### DATA BELOW
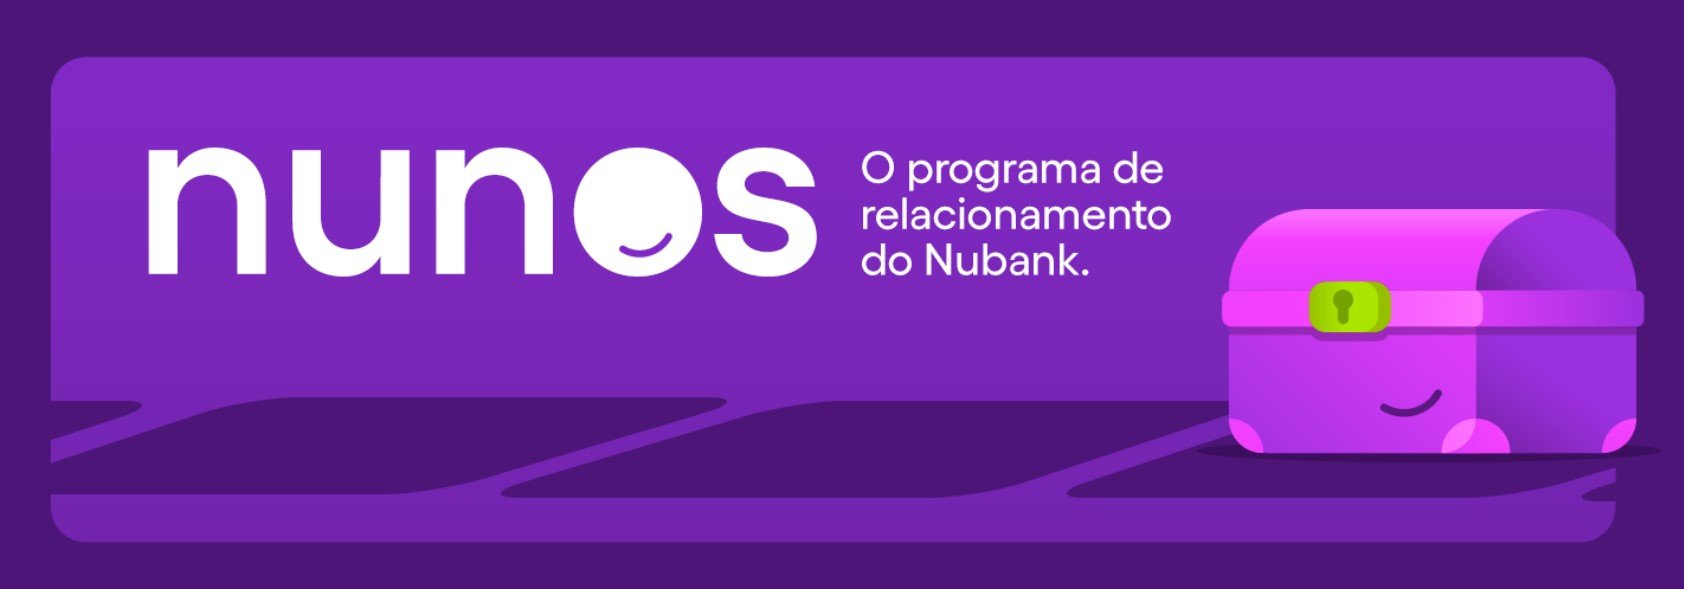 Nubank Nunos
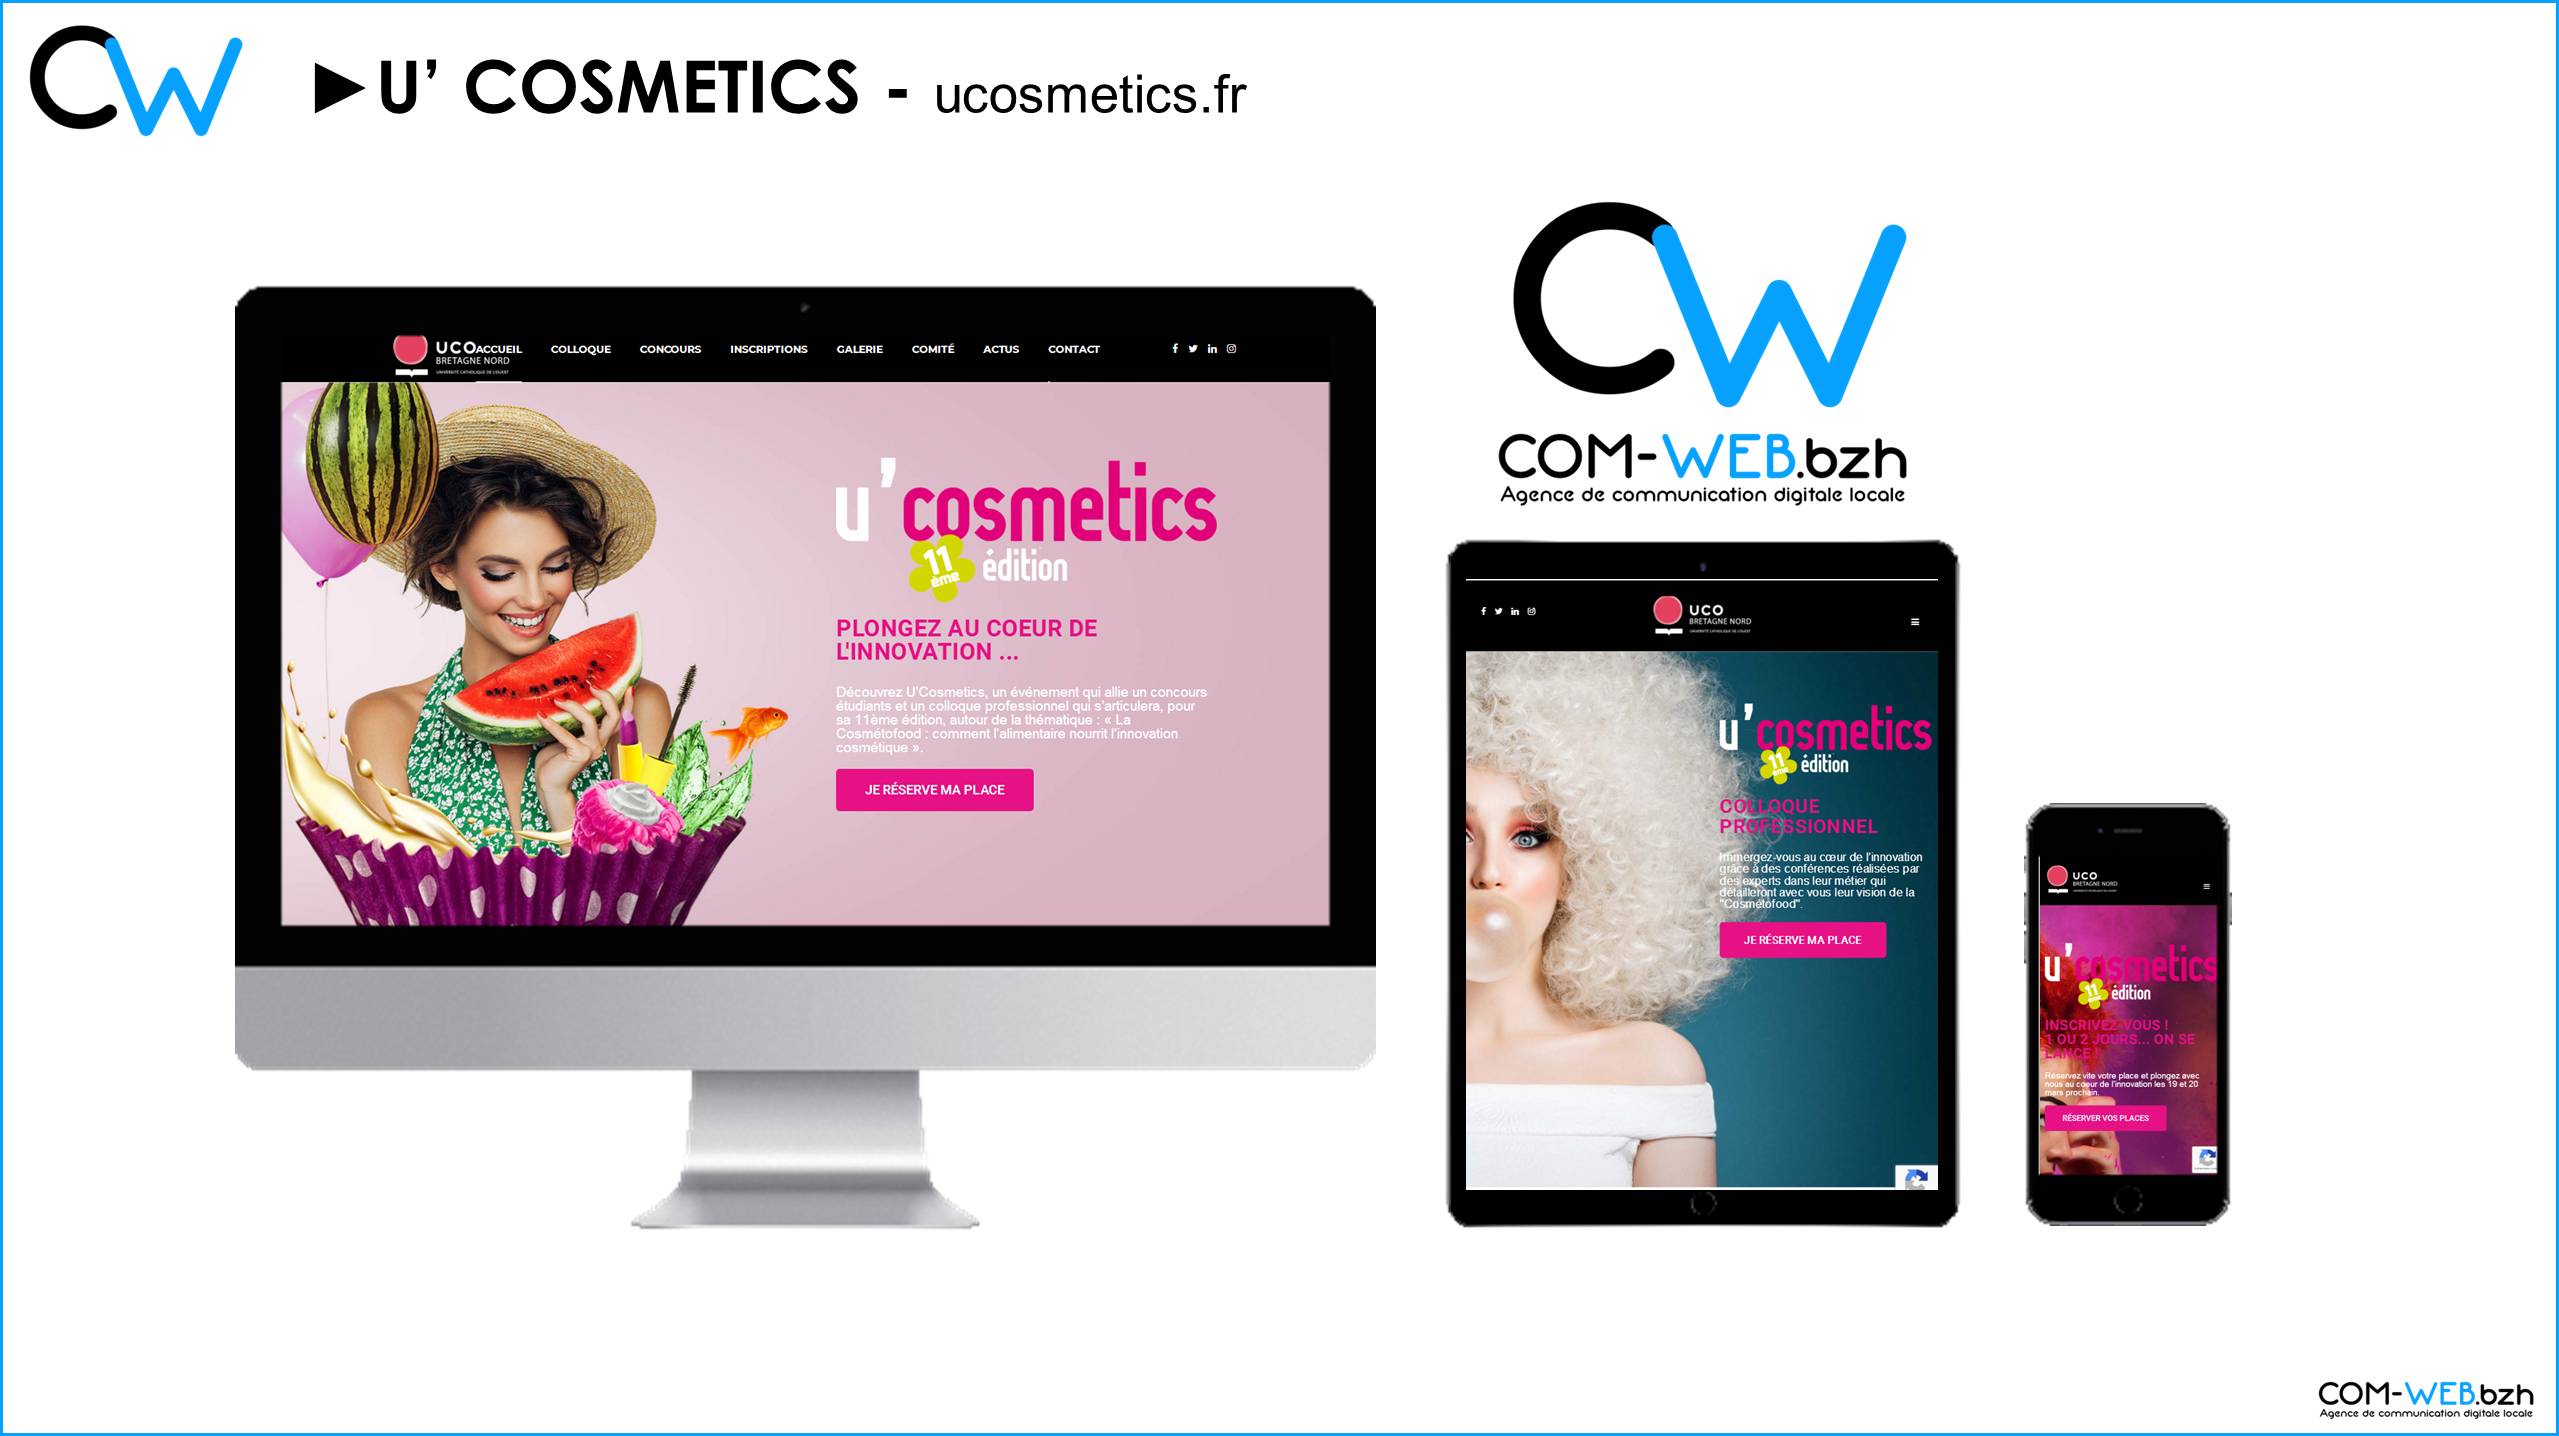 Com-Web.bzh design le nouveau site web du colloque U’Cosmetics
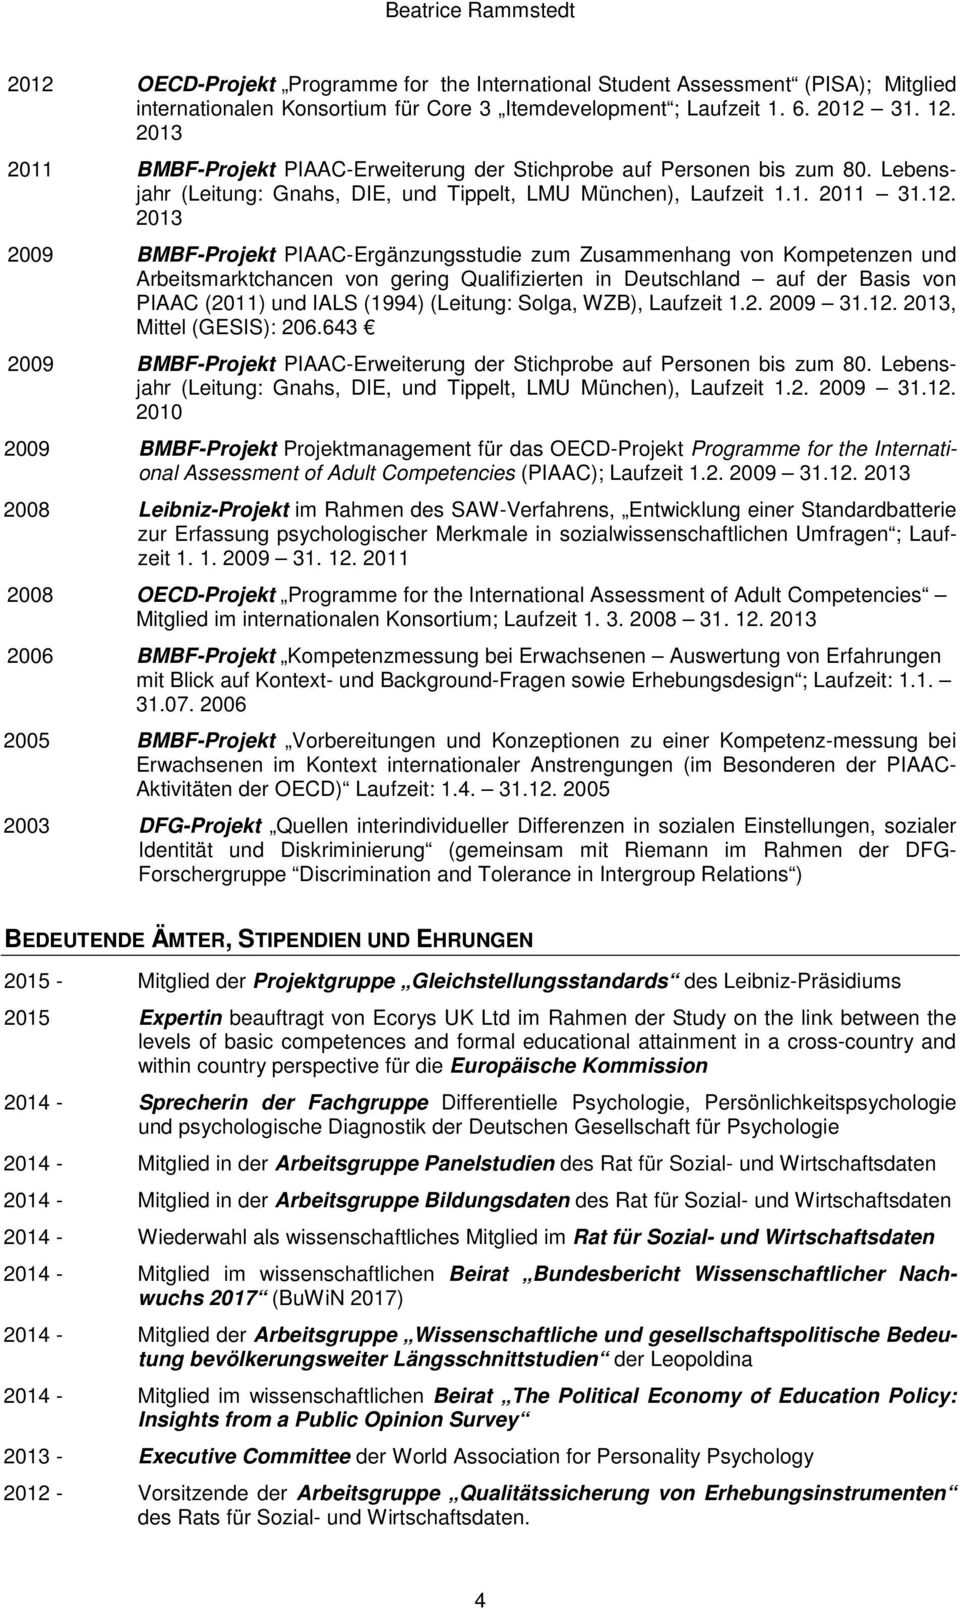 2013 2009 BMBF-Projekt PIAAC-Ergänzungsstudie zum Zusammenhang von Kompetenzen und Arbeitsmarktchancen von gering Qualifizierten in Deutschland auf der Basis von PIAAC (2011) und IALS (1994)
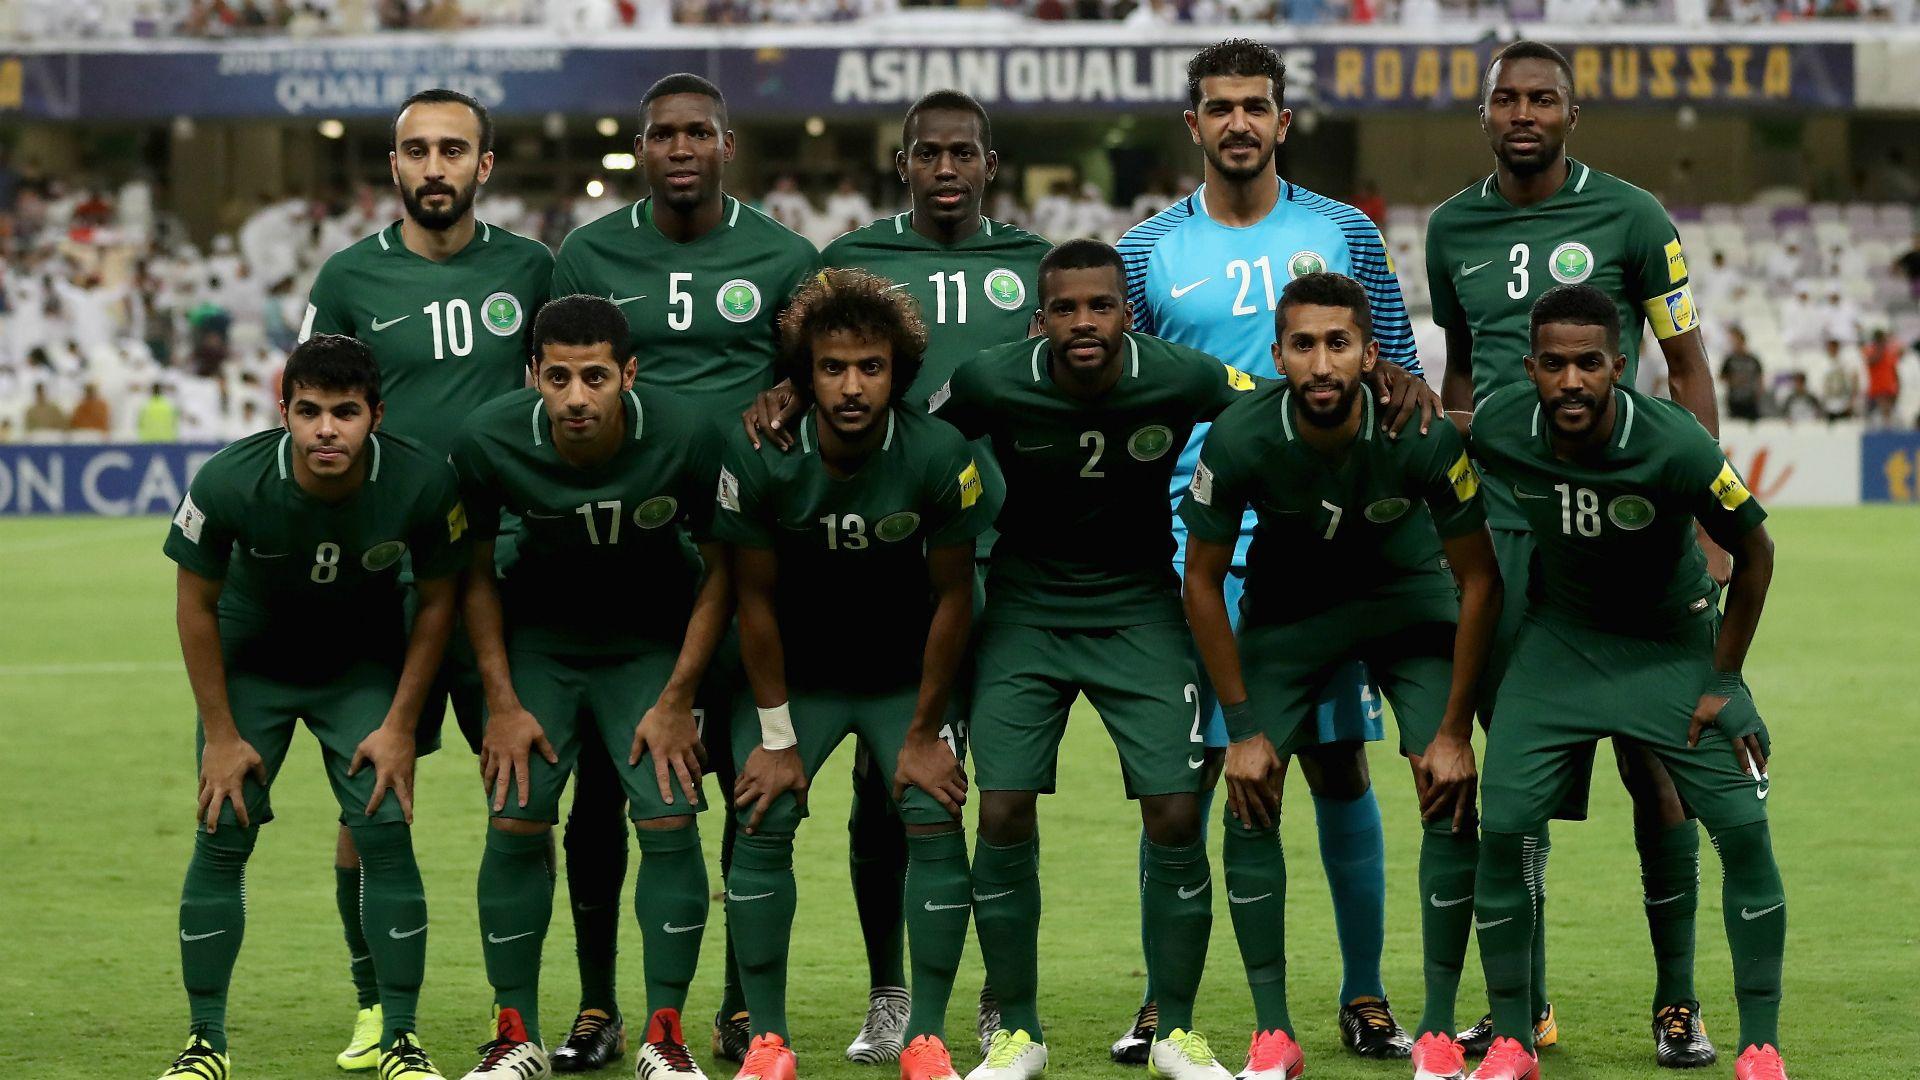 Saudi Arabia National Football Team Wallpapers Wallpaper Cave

### YOUR GOAL
What is needed is an exact repeat of only the lines from the one containing "Com-Web.bzh design le" through the last line of the listing above, both ends included, without the pictures.

### RESULT BELOW
 Com-Web.bzh design le nouveau site web du colloque U’Cosmetics
 2013 2009 BMBF-Projekt PIAAC-Ergänzungsstudie zum Zusammenhang von Kompetenzen und Arbeitsmarktchancen von gering Qualifizierten in Deutschland auf der Basis von PIAAC (2011) und IALS (1994)
 Saudi Arabia National Football Team Wallpapers Wallpaper Cave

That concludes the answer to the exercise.